Container shipping is a cyclical business, with profitability rising and falling with freight rates and cargo demand. After several years of unusually strong pricing in global shipping markets, freight rates have largely returned to more typical levels as supply chains stabilized and additional vessel capacity entered service.
Matson occupies a unique position in the industry, with much of its business focused on domestic U.S. trade lanes such as Hawaii, Alaska, and Guam. These routes are governed by the Jones Act, which restricts shipping between U.S. ports to American-built and American-operated vessels, limiting foreign competition. Matson also offers expedited container services between China and the United States, providing faster transit times than standard trans-Pacific shipping. This mix of regulated domestic markets and premium international services gives Matson a distinct earnings profile compared to many global container carriers.

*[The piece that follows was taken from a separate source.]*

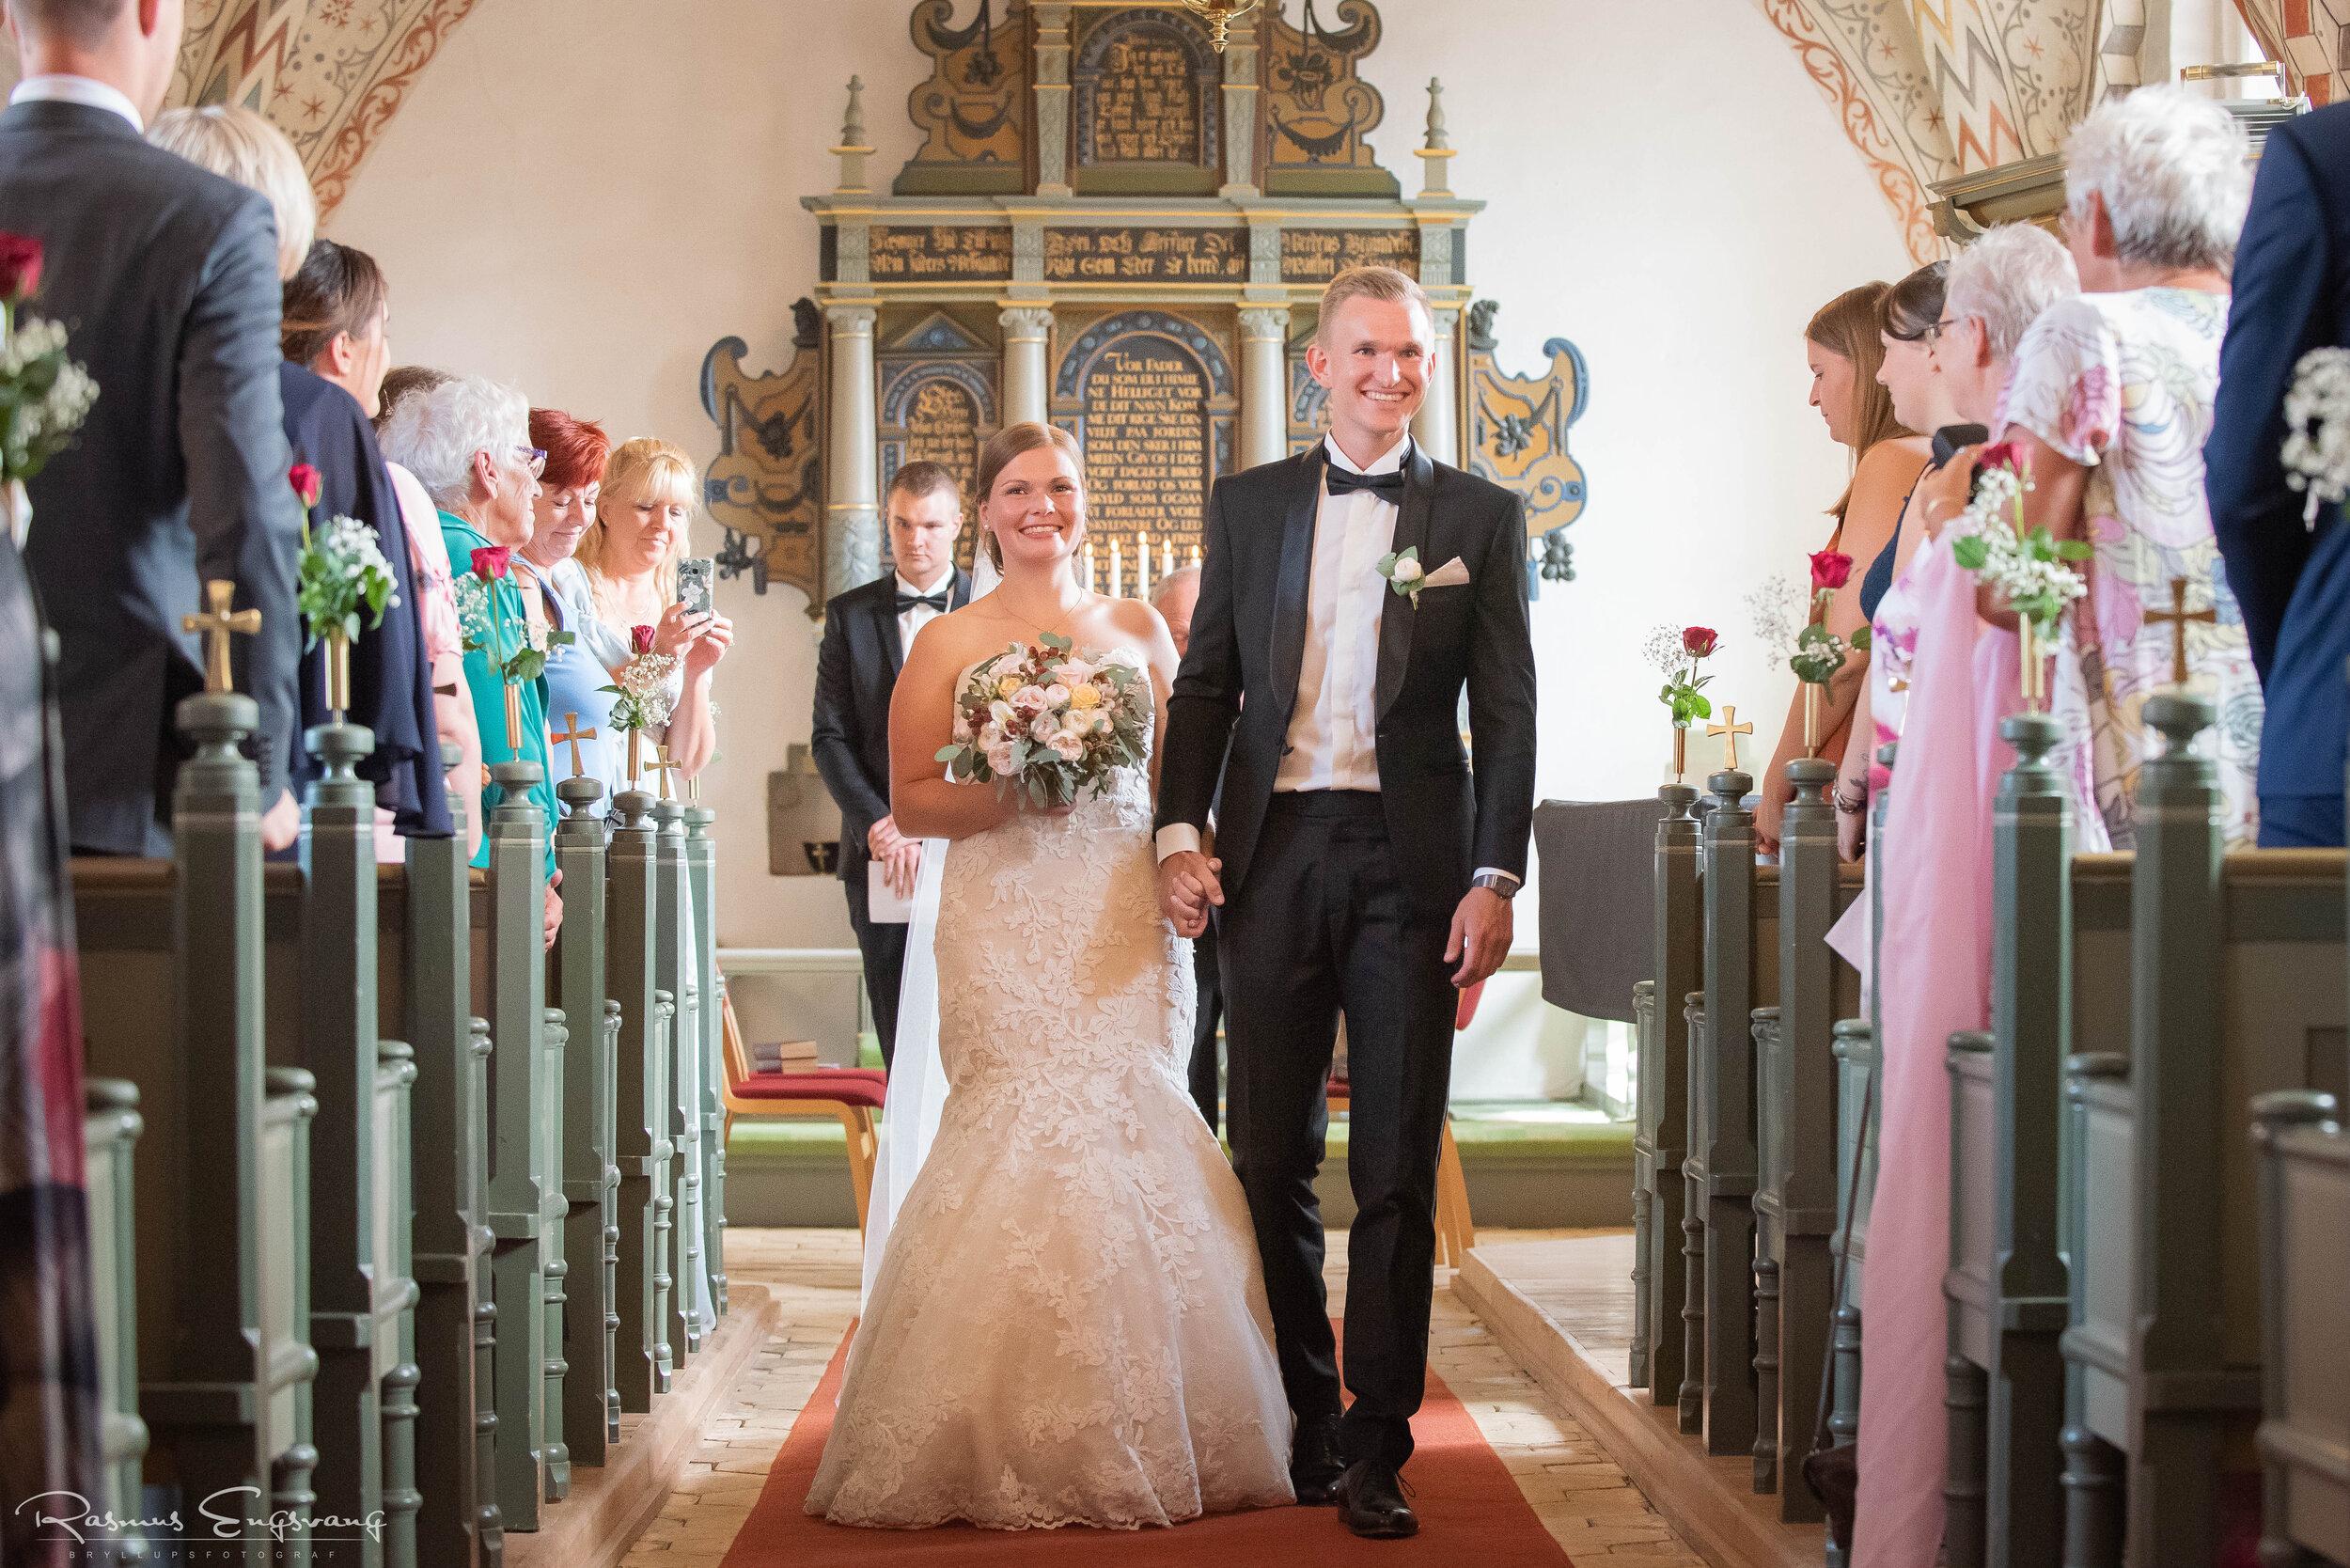 Bryllupsfotograf_Sjælland_Humleorehus_Vigersted-112.jpg
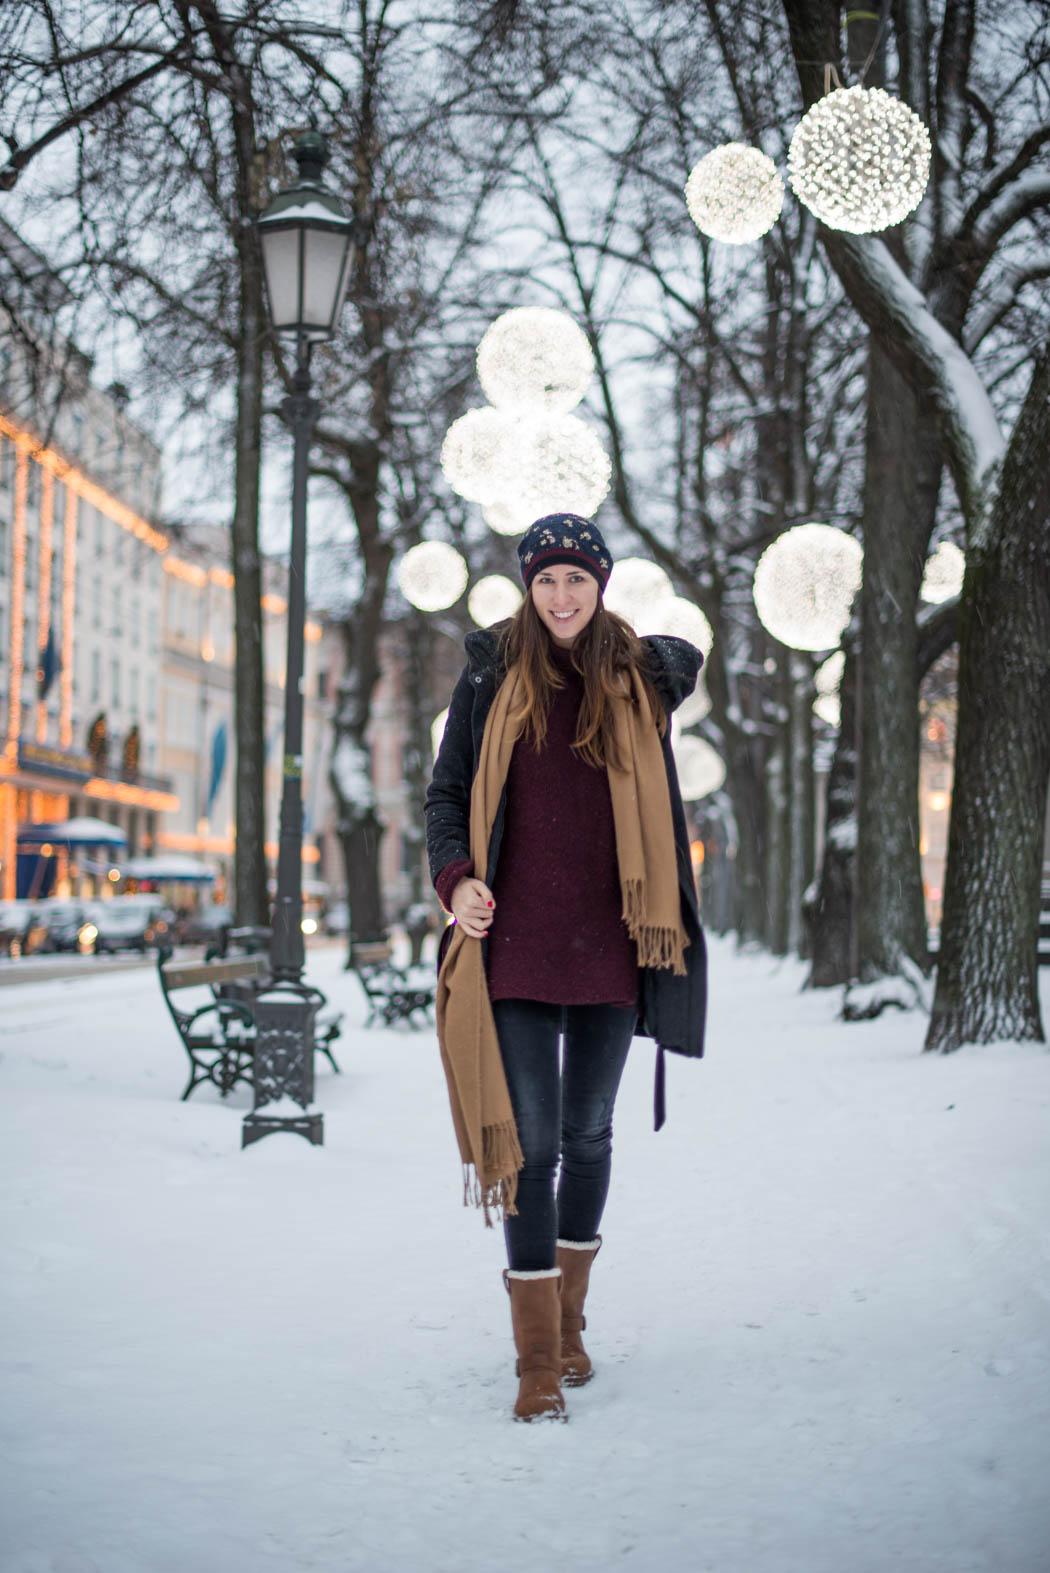 Bayrischer-Hof-Munich-Lindarella-Fashionblogger-Chloe-Marcie-2

For investors, the key question is whether Matson can sustain profitable freight rates and shipping volumes after the exceptional conditions of the pandemic-era boom. The company benefited from strong trans-Pacific demand and premium pricing on its expedited China service. As global freight markets stabilize, Matson’s earnings will depend on continued cargo demand in its domestic trade lanes and customers’ willingness to pay for faster shipping across the Pacific.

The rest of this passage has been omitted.